Transcribe the listing exactly, so that nothing but the pictures is missing.

* _DATA SHOWN_
------------------------------------

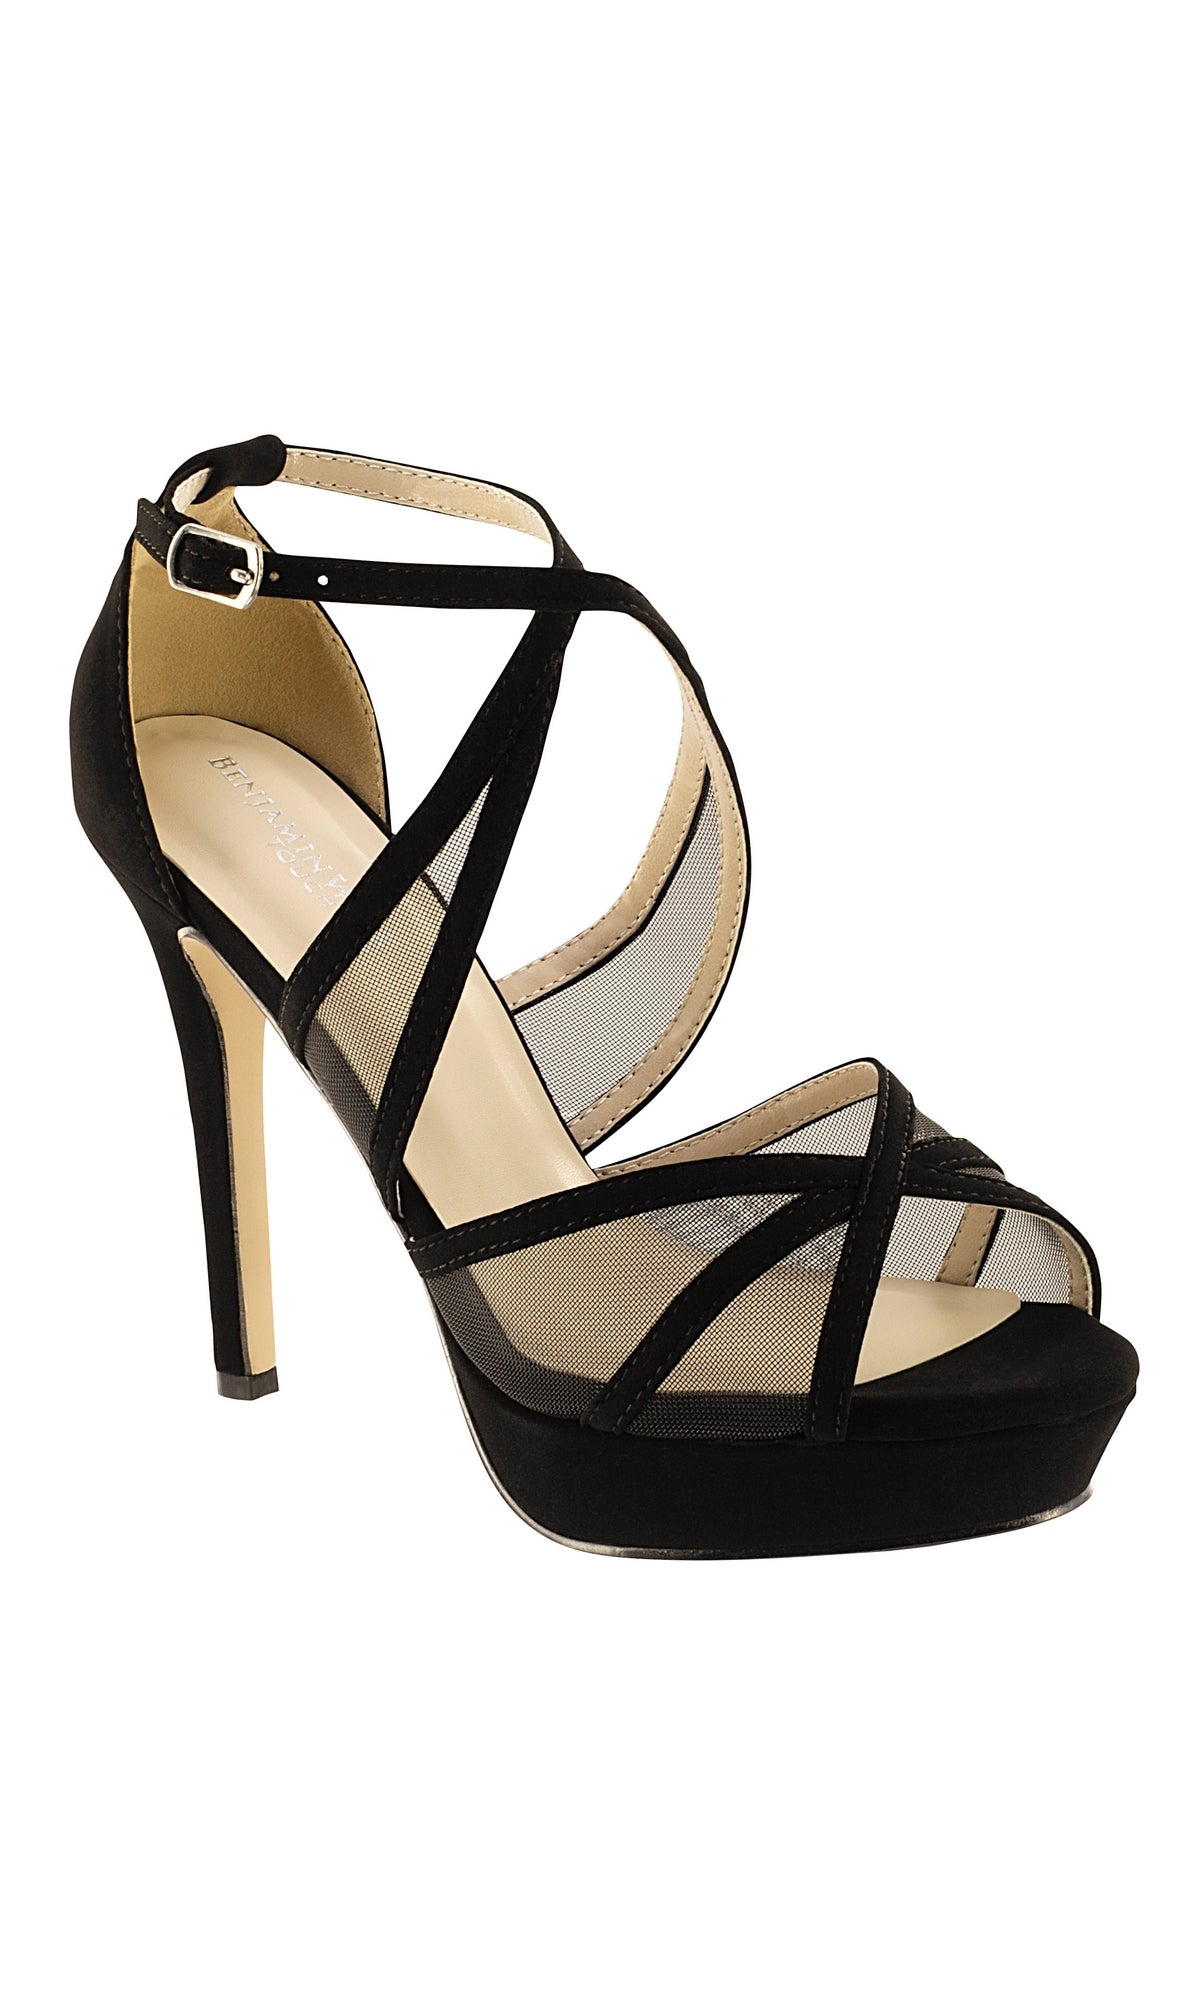 Plot Twist Heel - Black | Platform high heels, Heels, Homecoming shoes
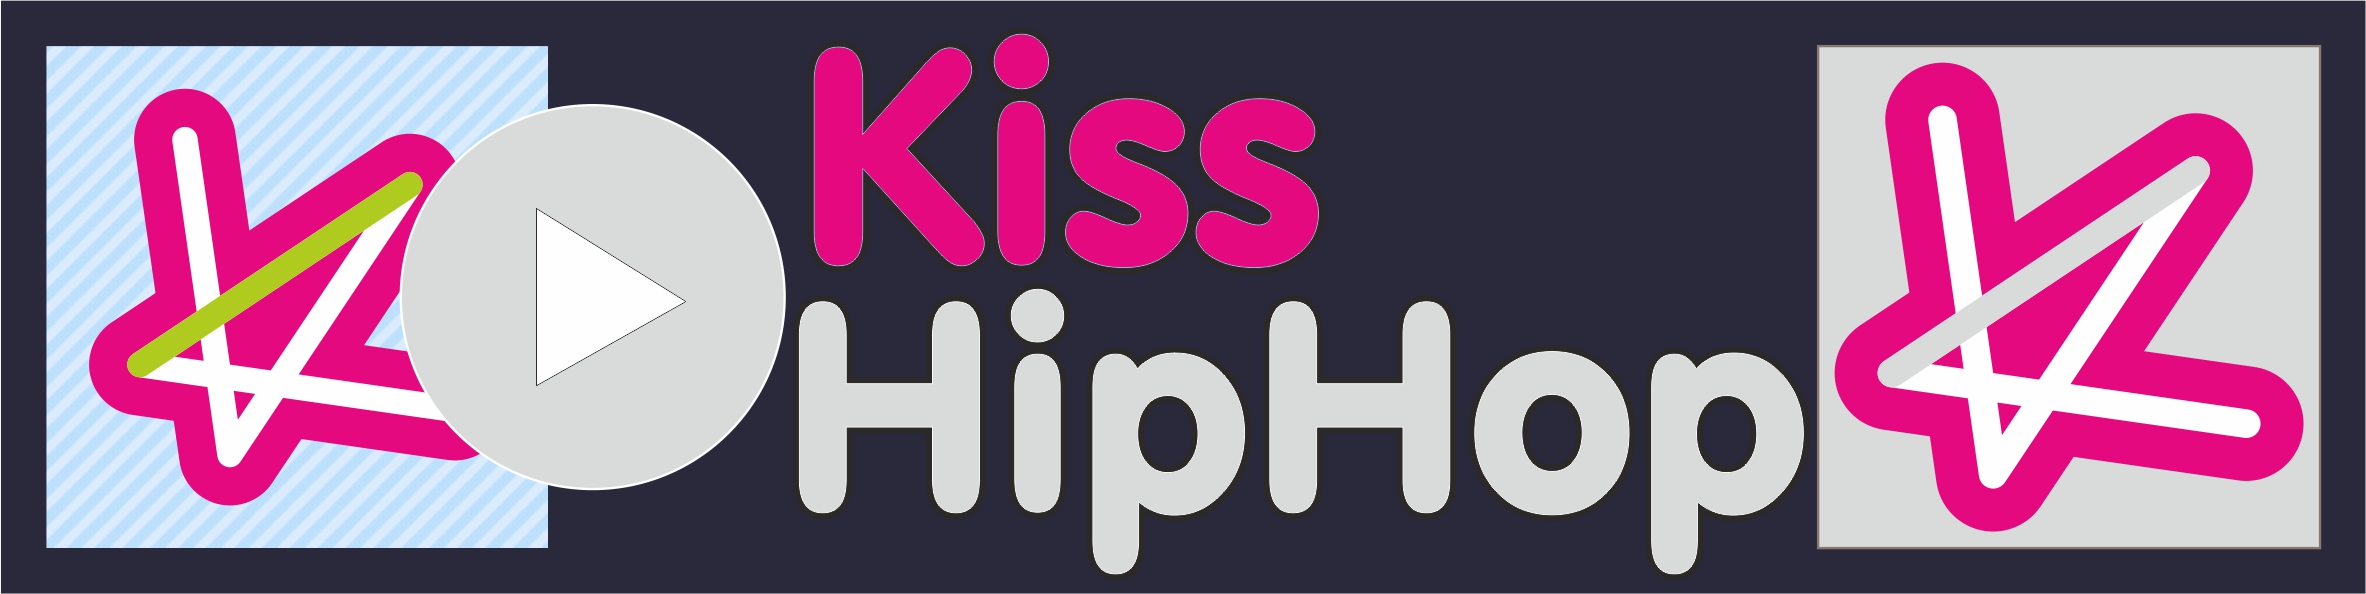 Kiss HipHop
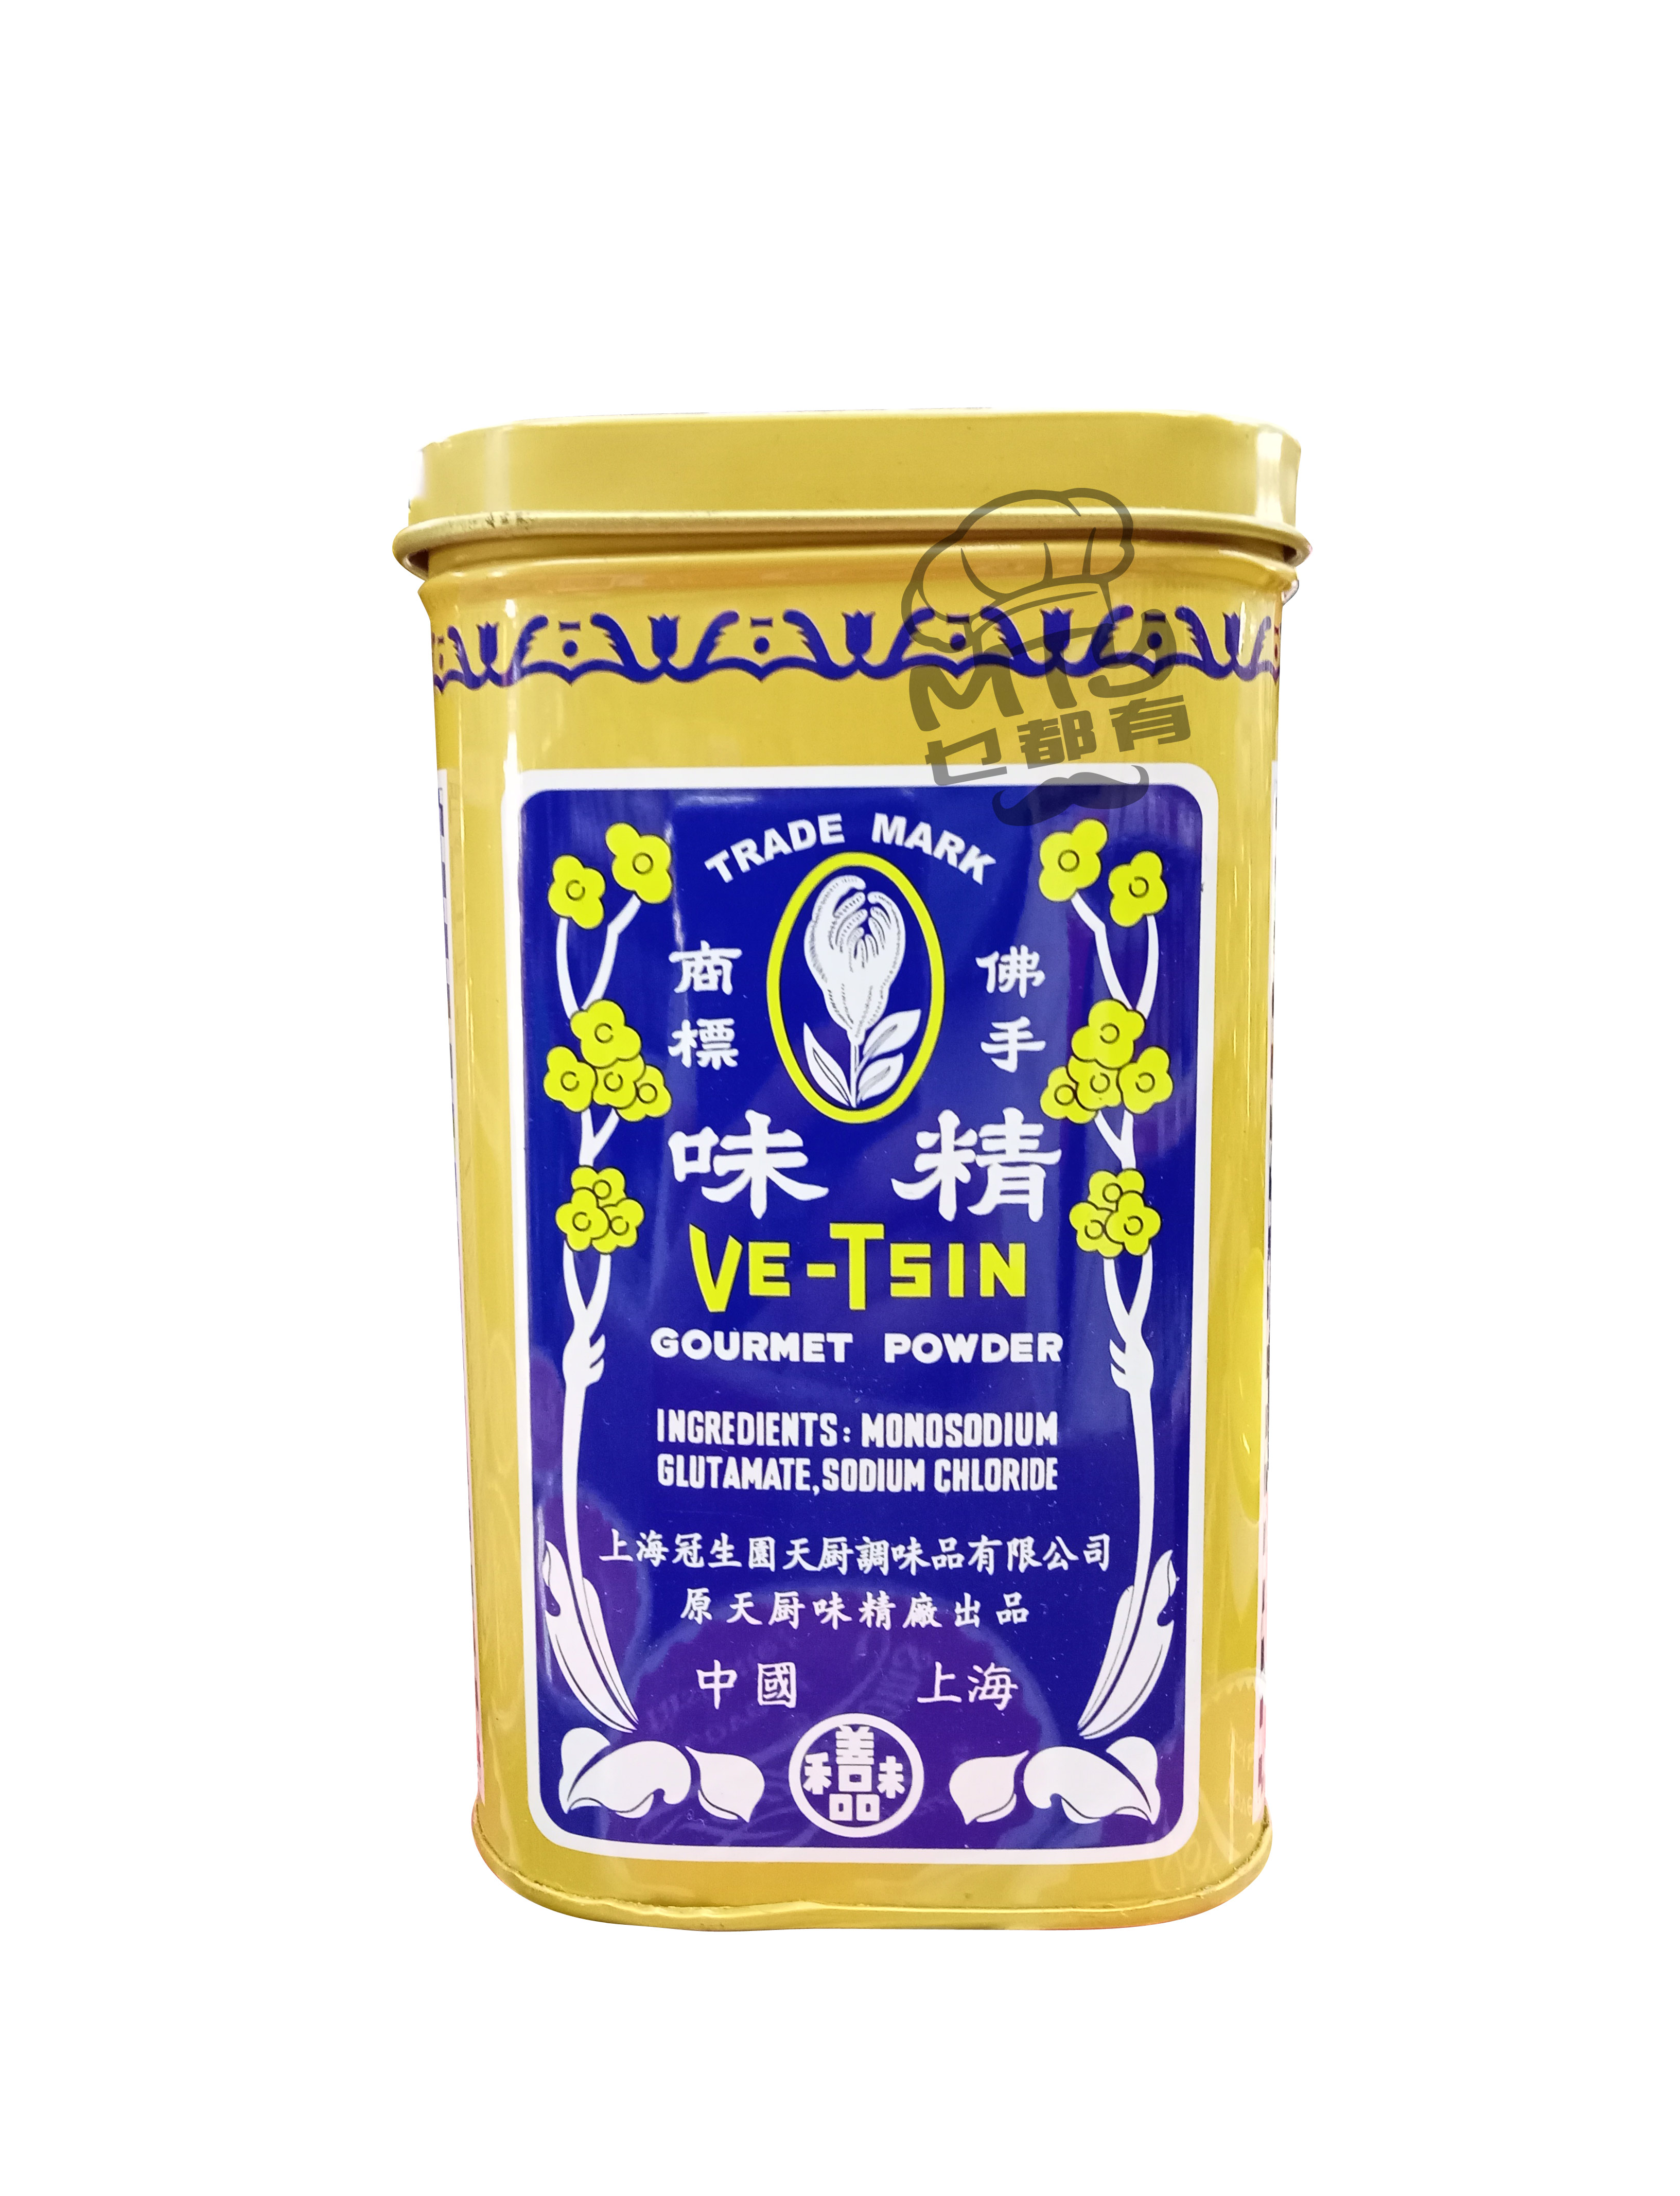 VE-TSIN Gourmet Powder 378g

------------------------------------

* _TASK SOLUTION_
 Plot Twist Heel - Black | Platform high heels, Heels, Homecoming shoes
 Kiss HipHop
 VE-TSIN Gourmet Powder 378g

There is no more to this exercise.